The rusty handgun that Vincent van Gogh is believed to have killed himself with in 1890 has sold for €162,500 ($183,000).
The 7mm Lefaucheux revolver went under the hammer at an auction in Paris on Tuesday. AuctionArt, which offered the item, described it as “the most famous weapon in the history of art.”
Although the auction house admitted it could not be completely certain that it was the gun used by the painter to take his life, it pointed to “several pieces of evidence (that) show it must be Van Gogh’s suicide gun.”
“It was discovered where Van Gogh shot it; its caliber is the same as the bullet retrieved from the artist’s body as described by the doctor at the time; (and) scientific studies demonstrate that the gun had stayed in the ground since the 1890s,” AuctionArt said in a statement prior to the sale.

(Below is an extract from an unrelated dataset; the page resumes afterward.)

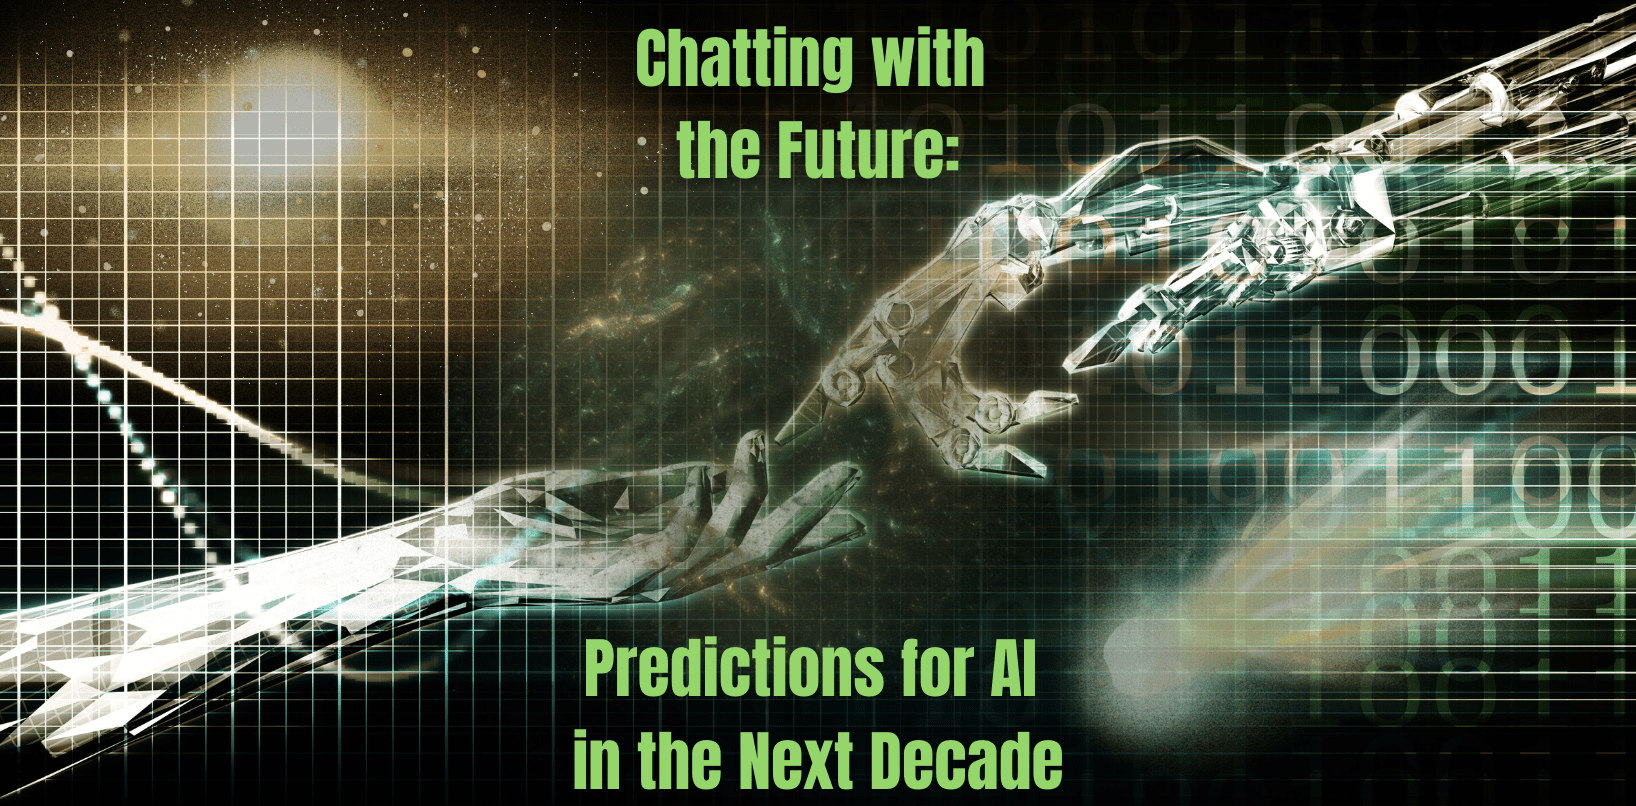 Chatting with the Future: Predictions for AI in the Next Decade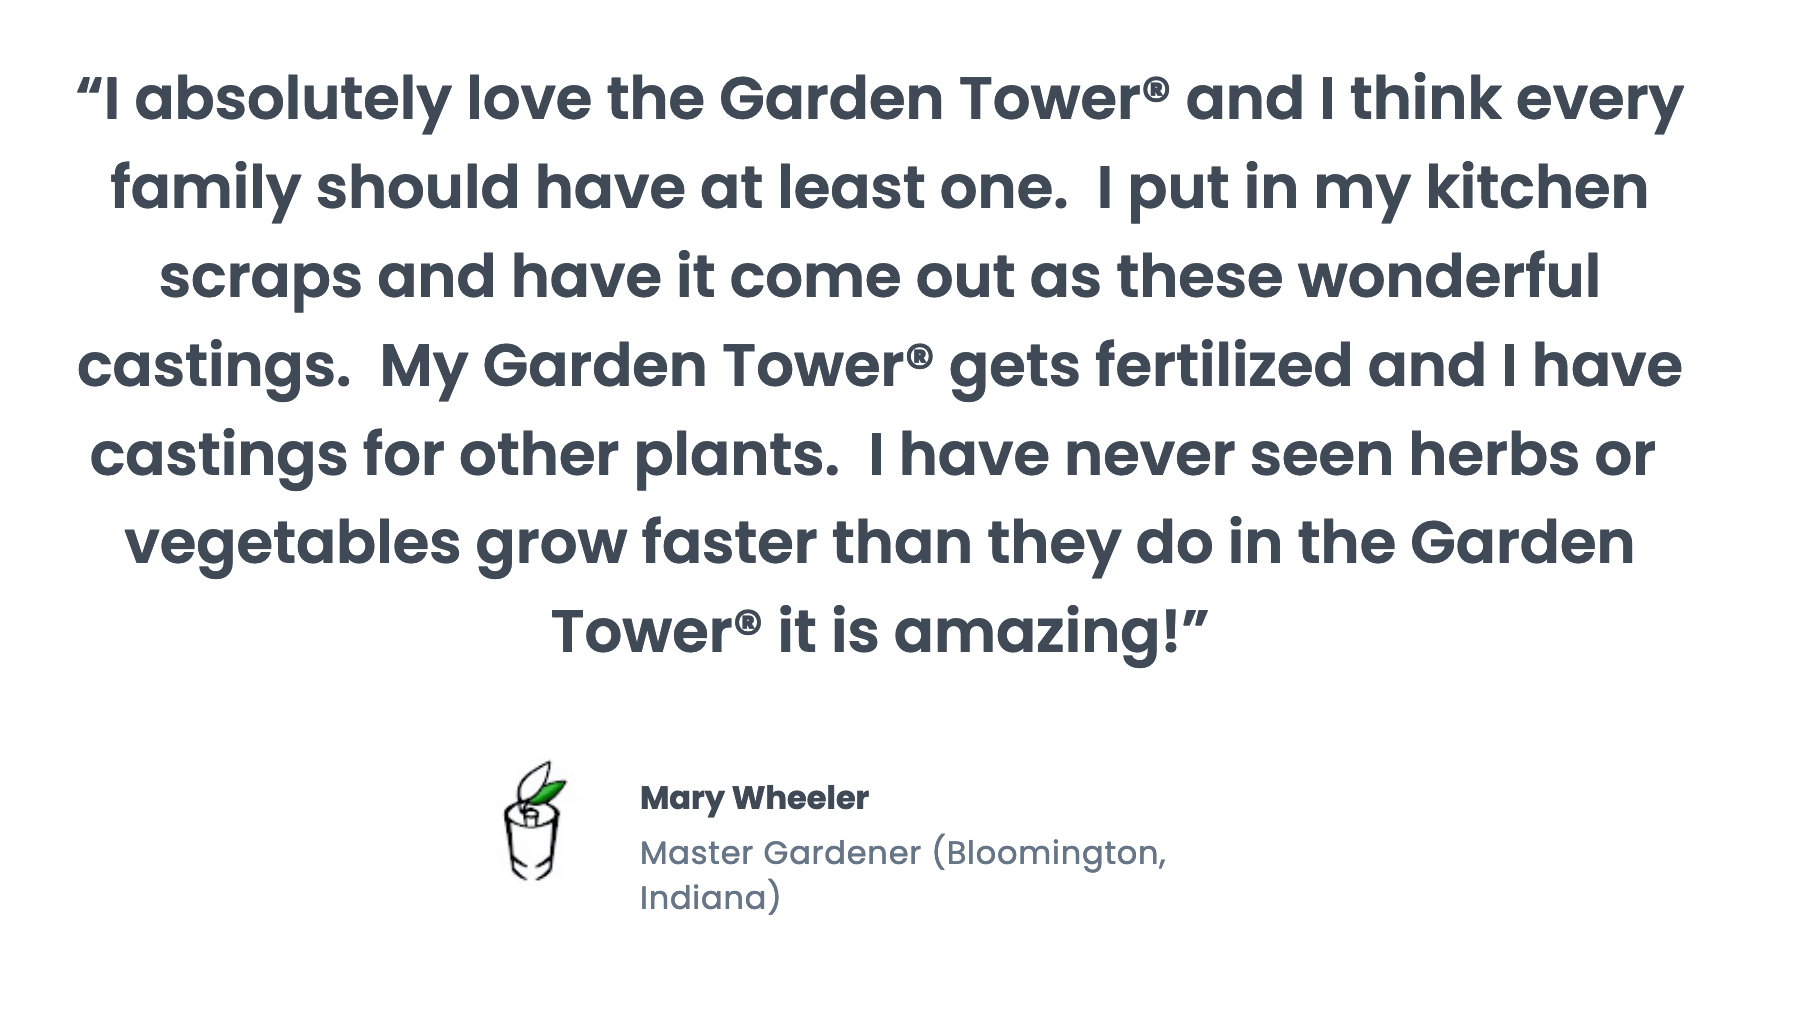 2nd review of the Garden Tower

The final selling price was significantly higher than the pre-auction estimate of €60,000 ($67,000).
A farmer found the gun in 1965 in the French village of Auvers-sur-Oise, where the artist died. The discovery was made in the same field in which Van Gogh is thought to have shot himself in the stomach in July 1890. The farmer gave the weapon to the owners of an inn in the village, and it was passed down through their family before being put up for auction.
The revolver had previously been on public display at the Van Gogh Museum in Amsterdam in 2016 as part of its exhibition “On the Verge of Insanity: Van Gogh and His Illness.”
The auction house has not named winning bidder.